Schreiber, F., & Szewzyk, U. (2008). Environmentally relevant concentrations of pharmaceuticals influence the initial adhesion of bacteria. Aquatic Toxicology, 87(4), 227-233.


Cite as: http://hdl.handle.net/21.11116/0000-0001-CD76-4
Abstract
Pharmaceuticals are abundant at low concentrations (i.e. ng L−1; μg L−1) in natural aquatic systems. However, very little is known about their effects on microorganisms. This study investigated the influence of the pharmaceuticals phenazone, amoxicillin and erythromycin, at low, non-toxic concentrations (i.e. 0.5–50 μg L−1), on the initial adhesion of bacteria to uncoated and iron-coated polystyrene. The influence of the pharmaceuticals on the initial adhesion of bacterial pure cultures (Escherichia coli, Aquabacterium commune, Bacillus subtilis) isolated from natural aquatic systems, was investigated with a plate assay. Initial adhesion of the pure cultures depended on the selected pharmaceutical, its concentration, the bacterial strain and the adhesion surface.

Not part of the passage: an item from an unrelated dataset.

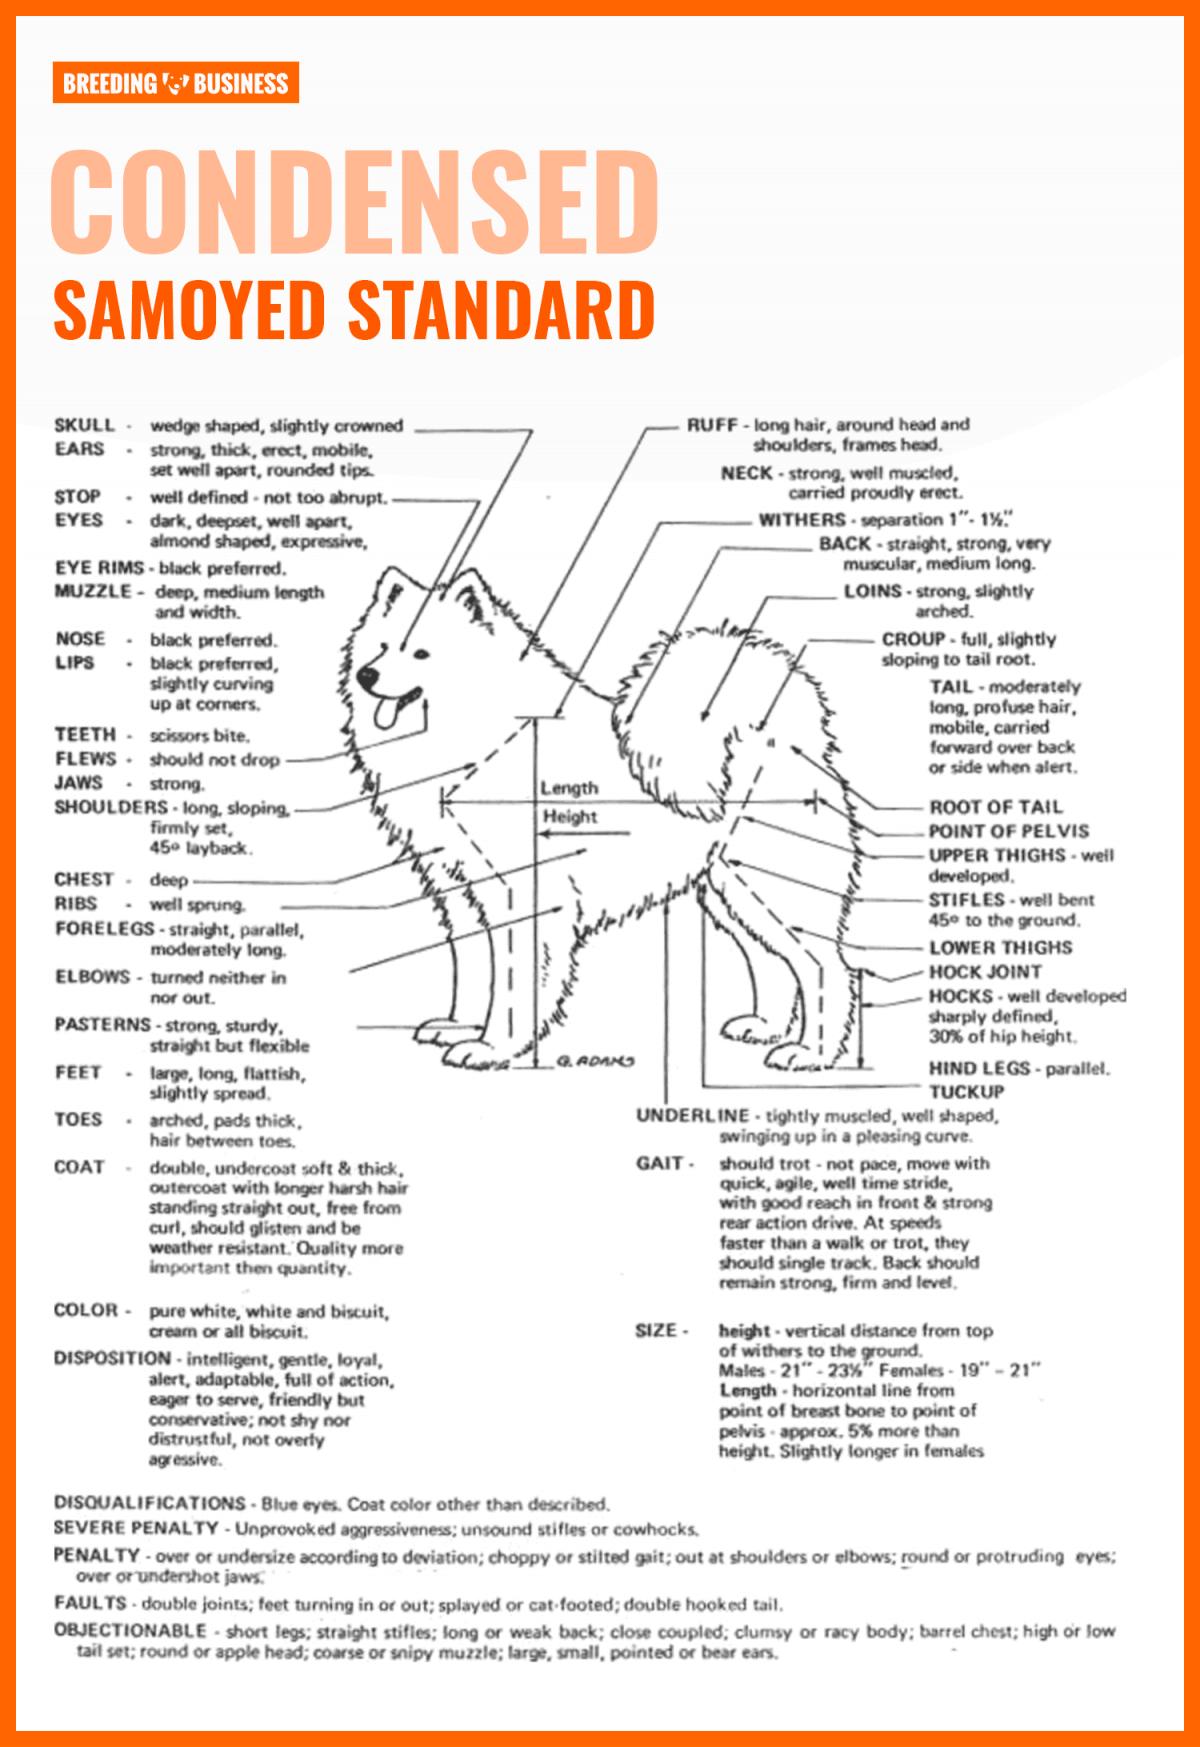 Samoyed standard chart
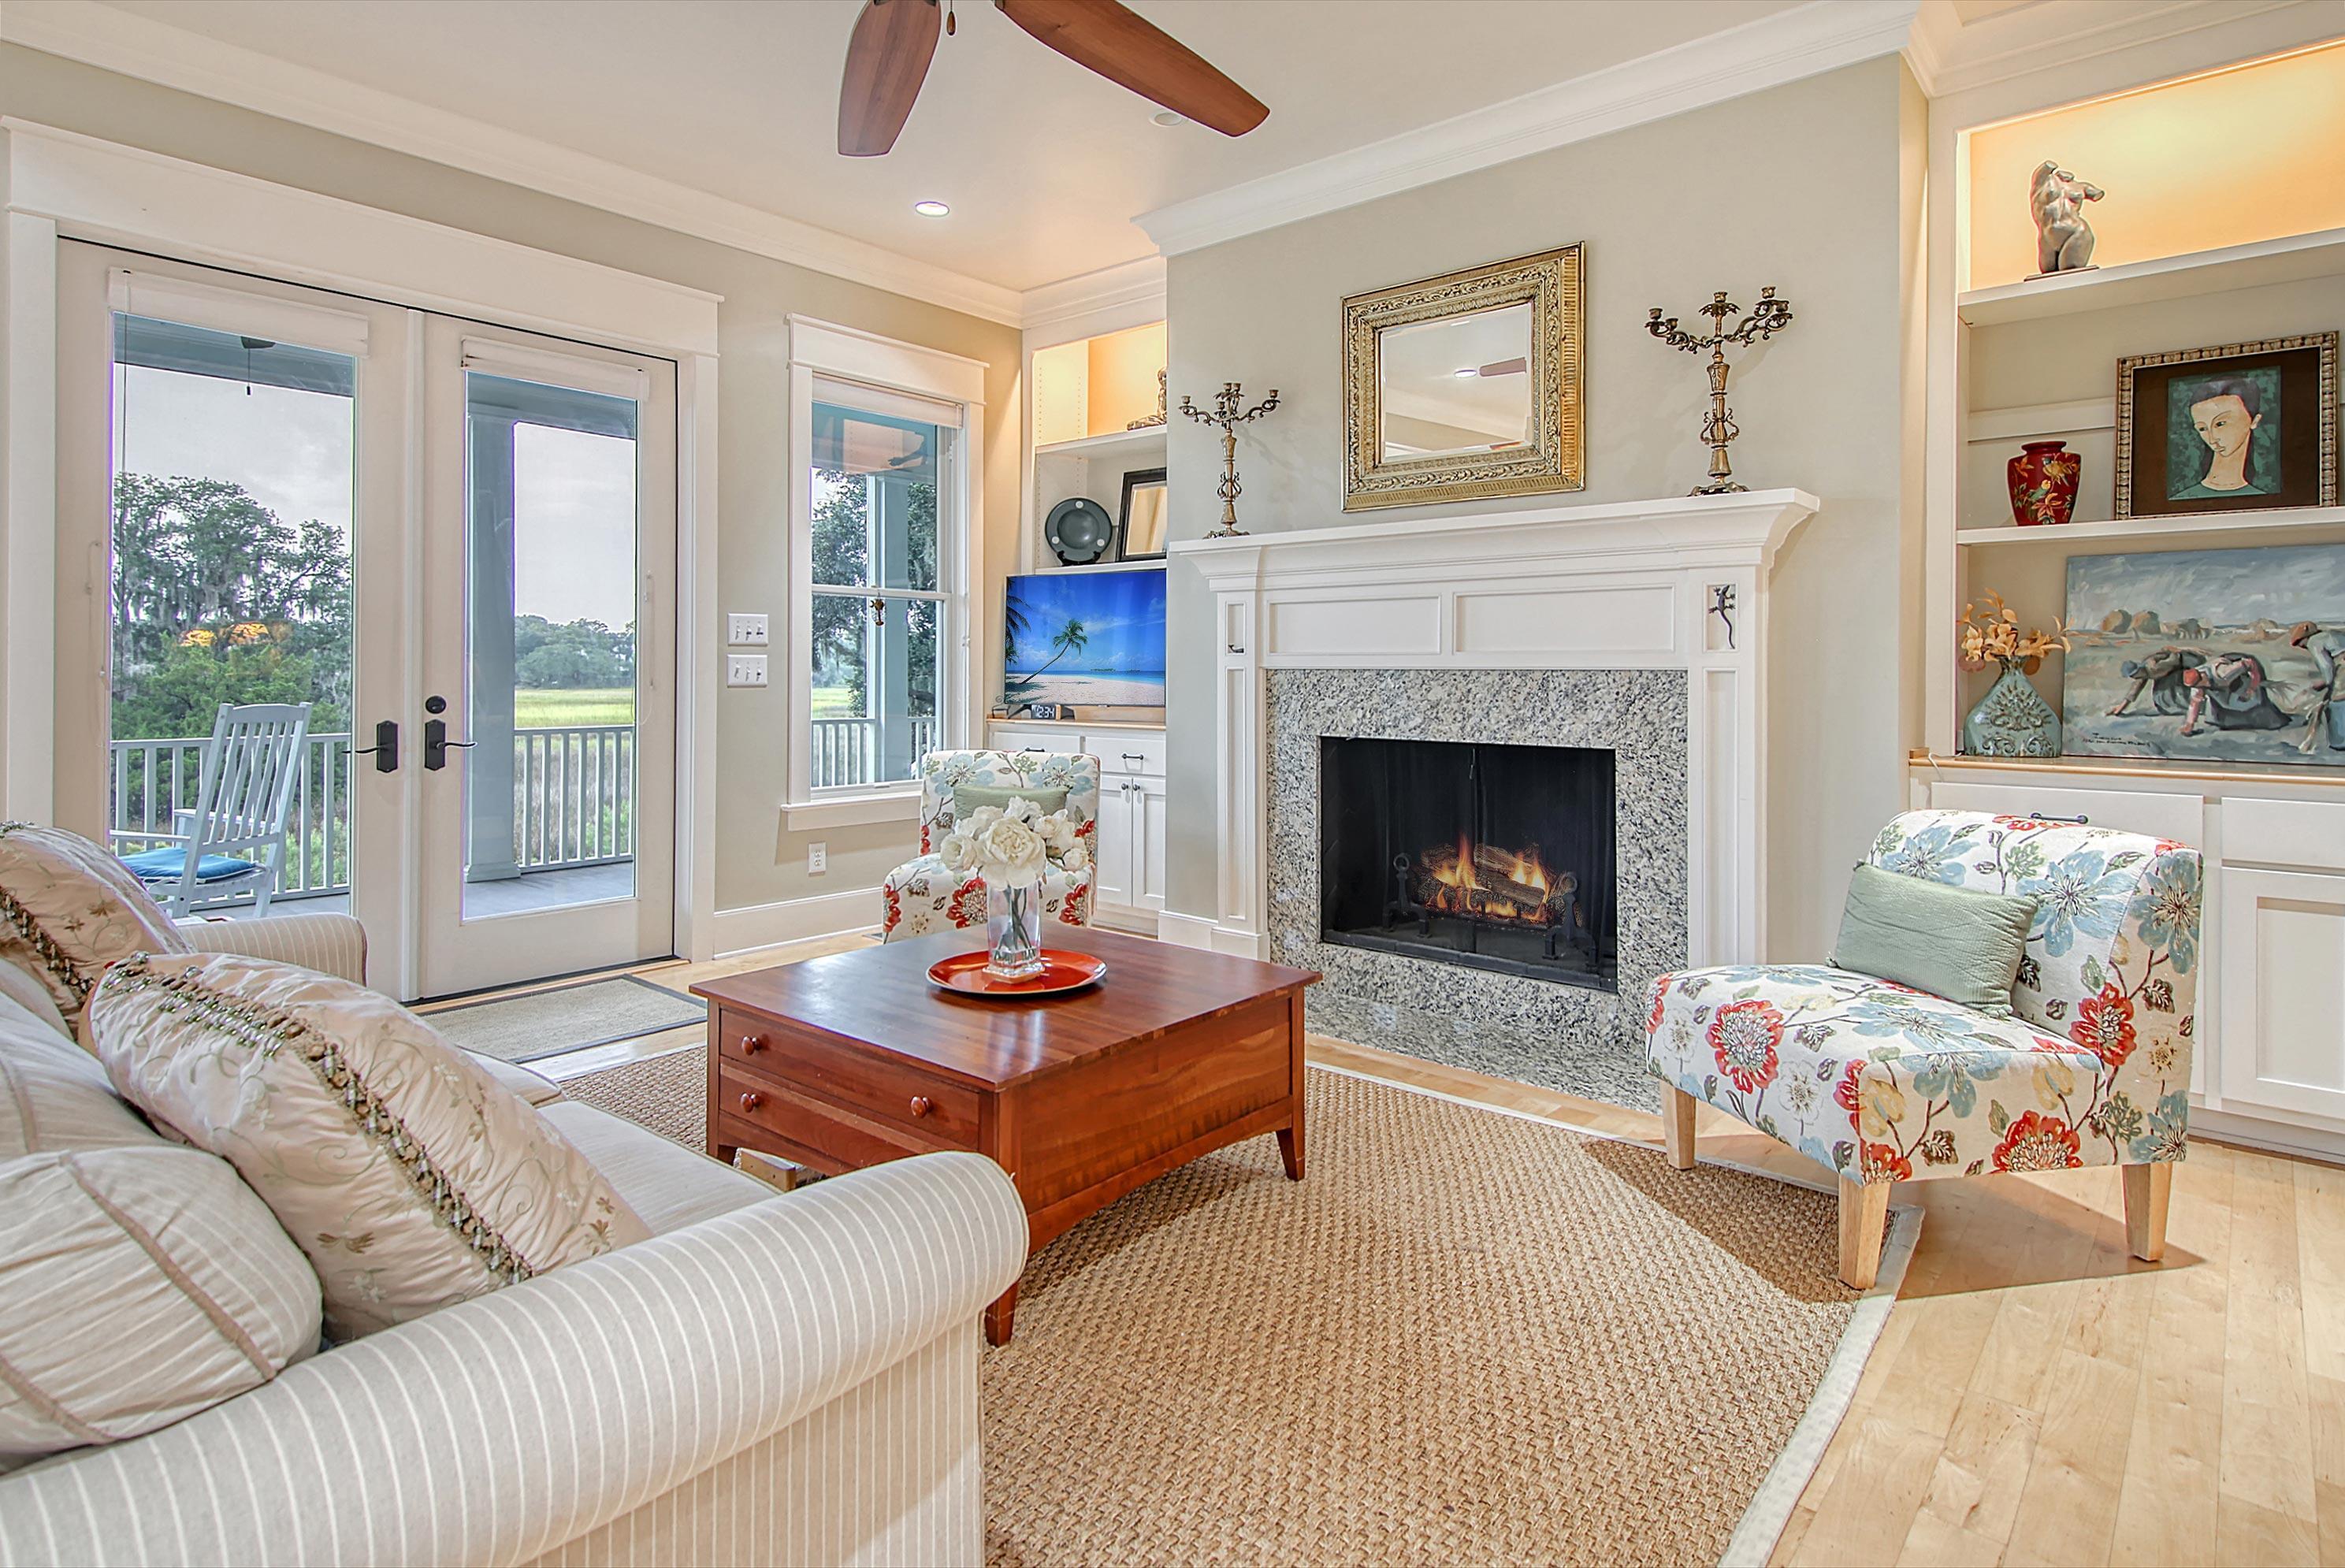 Scanlonville Homes For Sale - 152 6th, Mount Pleasant, SC - 9

Different combinations of these parameters resulted in inhibition, enhancement or had no effect on initial adhesion. In addition, a continuous flow system was used to investigate the influence of the pharmaceuticals on the initial adhesion of a drinking water microbial community. The drinking water community showed decreased adhesion in the presence of the pharmaceuticals regardless of adhesion surface. The results show that pharmaceuticals at environmentally relevant concentrations can influence the initial adhesion of bacteria. Thus, pharmaceutical compounds that are introduced to natural aquatic systems are able to exert subtle effects on bacteria.